Did you see anything wrong? lol


----------



## reaganmarsh (May 28, 2015)

Where to begin...


----------



## johnny (May 28, 2015)

Wasn't Paul confused with a Revolutionary in Acts.

"Then you are not the Egyptian who some time ago stirred up a revolt and led the four thousand men of the Assassins out into the wilderness?"

Trying to typecast our Saviour as a Revolutionary only shows the Posters bias against Christianity.

Christ did not come to blow his own trumpet but to fulfil all righteousness.


----------



## timfost (May 28, 2015)

The question should never be WWJD, but WDJD (what DID Jesus do). No one seems to want to ask that because it's not very "progressive."


----------



## BGF (May 28, 2015)

To even make a statement like this you would have to assume that Jesus is a mere man. If that's the case, who cares what Jesus would have to say on any given subject? Why would I assign any more authority to what he says than to what my barber says?

However, if Jesus is the Son of God, and the Bible is the Word of God, then all of Scripture would speak to what Jesus would say on all subjects. Then it becomes very obvious that the author above is wrong on nearly every count. 

Oddly enough I might agree, to some extent, with the author's motive. I'm sure he's reacting to some who would appropriate Jesus' teaching to aid their political or social cause. However, he is engaged in the same thing, only worse. He uses mischaracterization, half truths and flat out lies. It would almost be amusing to me if he weren't so blatantly using the name of our Lord in vain, and, by virtue of clever soundbites, will lead others into the same sin.


----------



## Andrew P.C. (May 28, 2015)

BGF said:


> To even make a statement like this you would have to assume that Jesus is a mere man. If that's the case, who cares what Jesus would have to say on any given subject? Why would I assign any more authority to what he says than to what my barber says?
> 
> However, if Jesus is the Son of God, and the Bible is the Word of God, then all of Scripture would speak to what Jesus would say on all subjects. Then it becomes very obvious that the author above is wrong on nearly every count.
> 
> Oddly enough I might agree, to some extent, with the author's motive. I'm sure he's reacting to some who would appropriate Jesus' teaching to aid their political or social cause. However, he is engaged in the same thing, only worse. He uses mischaracterization, half truths and flat out lies. It would almost be amusing to me if he weren't so blatantly using the name of our Lord in vain, and, by virtue of clever soundbites, will lead others into the same sin.
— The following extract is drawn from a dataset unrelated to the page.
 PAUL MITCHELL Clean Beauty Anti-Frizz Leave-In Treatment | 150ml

I'd like to add, since the intent is not to bring glory to our Lord but to advance an agenda, he is clearly using our Lord's name in vain. Likewise, he clearly does not read nor understand the scriptures.


----------



## Andres (May 28, 2015)

reaganmarsh said:


> Where to begin...



lol this was exactly my first thought...


----------



## jprince (May 28, 2015)

An old friend of mine, who recently left the faith, shared this pic on Facebook last night. I do find it ironic how the author seems against using Jesus to aid political causes, yet he does the exact same thing.


----------



## reaganmarsh (May 28, 2015)

Andres said:


> reaganmarsh said:
> 
> 
> > Where to begin...
> ...



Great minds think alike, brother. ;-)


----------



## Patty (May 28, 2015)

I agree, the author is basically describing a political agenda rather than the authenticity of our Lord, as described in Isaiah, as being the Wonderful Counselor, Mighty God, Everlasting Father, Prince of Peace..
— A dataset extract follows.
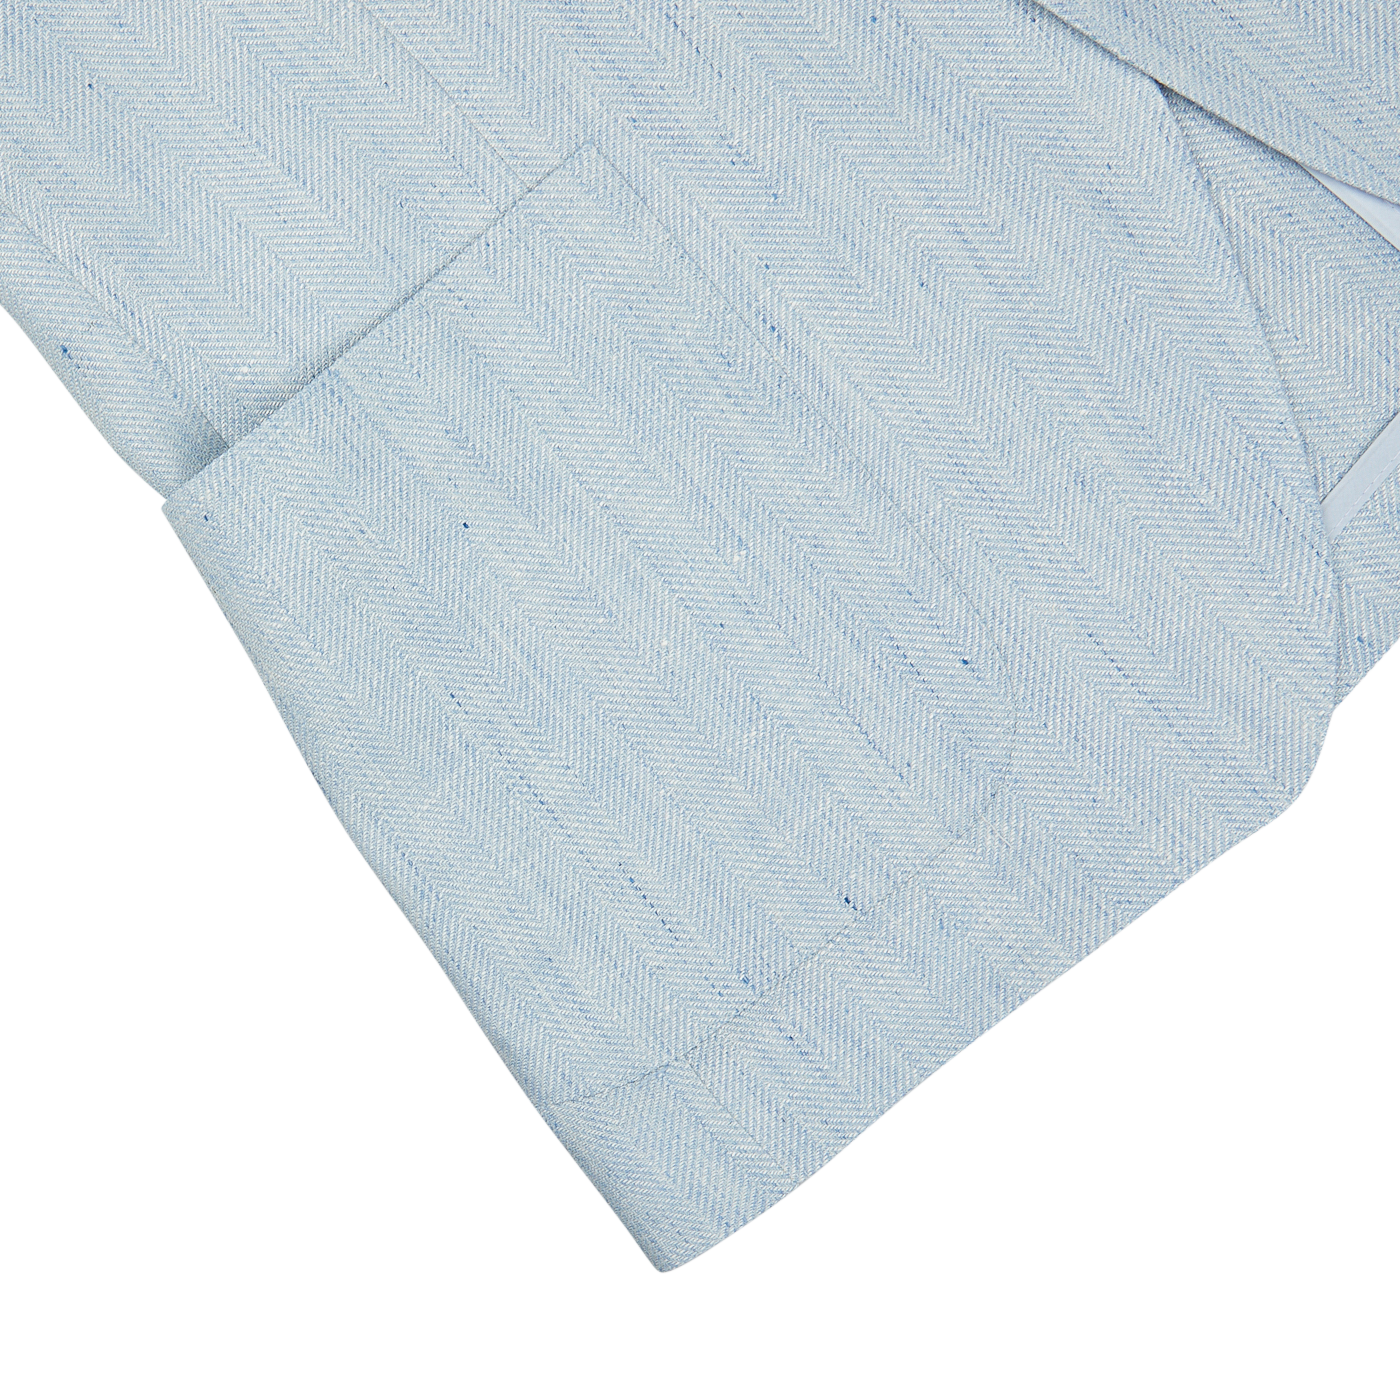 Light blue textured linen-wool blend tie on a white background from Tagliatore.

One phrase that caught my eye right away was, “Who hung around with lepers, hookers and crooks”

This statement gives the impression of what has become an erroneous belief of our culture to many that Jesus advocates the behavior of sinners (lepers excluded). While it’s true He spent time with all kinds of sinners, one should never confuse Jesus’ ministry with Jesus’ social preferences or friend choices. Jesus ‘hung’ with sinners to reveal their sin, and bring them to repentance – not to practice friendship evangelism..


----------



## VictorBravo (May 28, 2015)

Andres said:


> reaganmarsh said:
> 
> 
> > Where to begin...
> ...



I didn't even get that far. My first thought was "so you hate God...what's your point?"


----------



## SRoper (May 30, 2015)

I don't know, I first saw this posted on Facebook by a PCA member (and approved of by at least one other). Seems to me the sentiment is more, "lol this will get those who think Jesus was a Republican."


----------